In another area of operation, soldiers of the 2nd Battalion, 156th Infantry Regiment, captured three personnel, all positively identified as brigade-level targets. The 2-156th personnel knocked on doors when the targeted houses turned up empty, and residents of the neighborhood led soldiers to the suspected insurgents when they initially were not in their homes.

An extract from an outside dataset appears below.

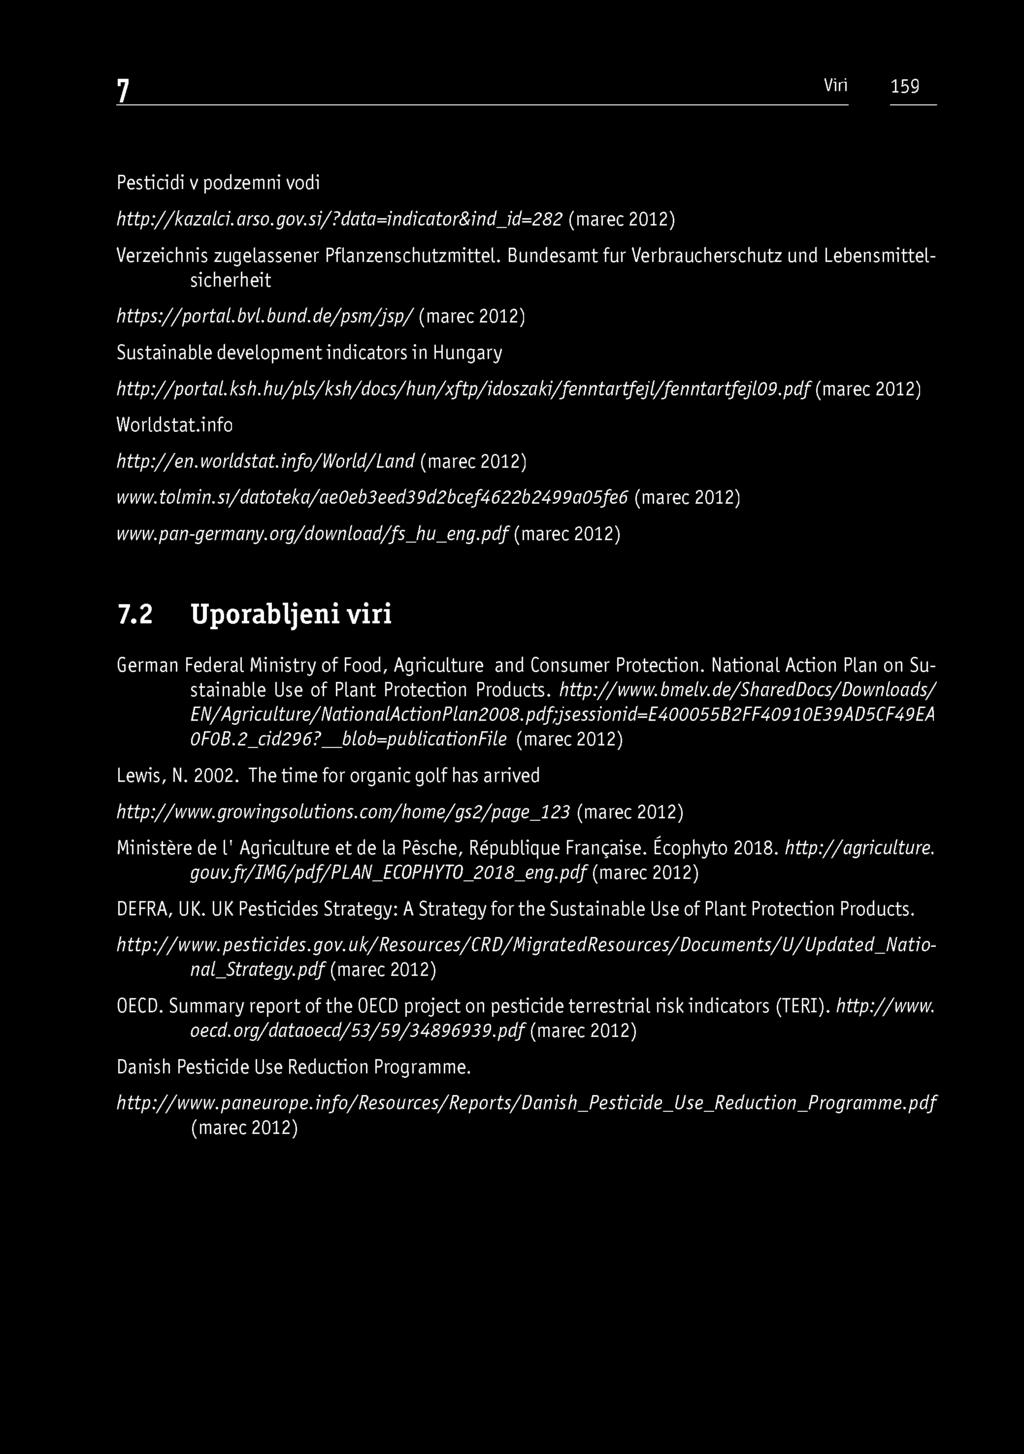 hu/pls/ksh/docs/hun/xftp/idoszaki/fenntartfejl/fenntartfejl09.pdf (marec 2012) Worldstat.info http://en.worldstat.info/world/land (marec 2012) www.tolmin.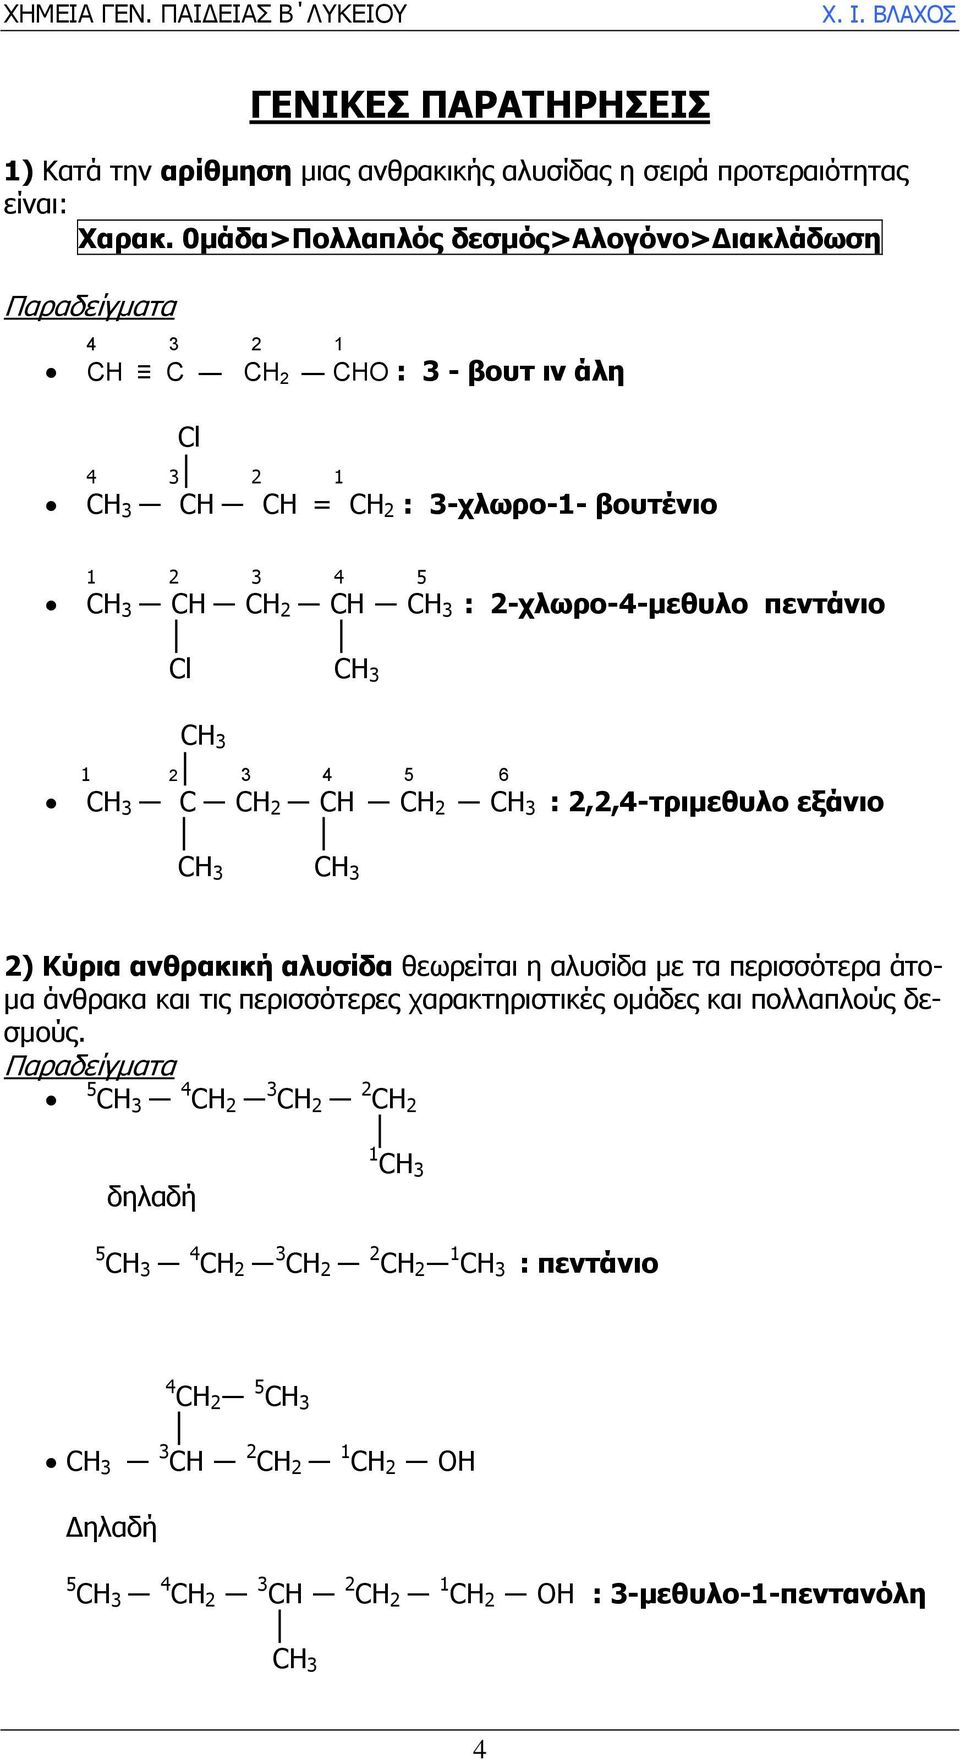 πεντάνιο Cl 1 2 3 4 5 6 C CΗ 2 CΗ CΗ 2 : 2,2,4-τριµεθυλο εξάνιο 2) Κύρια ανθρακική αλυσίδα θεωρείται η αλυσίδα µε τα περισσότερα άτο- µα άνθρακα και τις

The combined efforts of other 256th and Iraqi Army units resulted in the capture of 33 suspected insurgents. Soldiers of 1st Battalion, 69th Infantry Regiment, and 3rd Battalion, 4th Iraqi Army brought in 15 suspected insurgents after conducting their cordon-and-search missions. While conducting patrols in their area, the 1st Squadron, 11th Armored Cavalry Regiment, and 2nd Battalion, 3rd Iraqi Army, performed a hasty cordon-and-search and brought in 18 suspected insurgents, who were then held for questioning at an undisclosed location.

Military units involved
US forces reported to be involved were
2nd Battalion, 156th Infantry Regiment
3rd Battalion, 156th Infantry Regiment, 256th Brigade Combat Team
1st Squadron, 11th Armored Cavalry Regiment

Iraqi Units involved
4th Battalion, 1st Iraqi Army
2nd Battalion, 3rd Iraqi Army

Casualties
No deaths or casualties were reported during the operation.

References

 National Force – Iraq

Military operations of the Iraq War in 2005
Iraqi insurgency (2003–2011)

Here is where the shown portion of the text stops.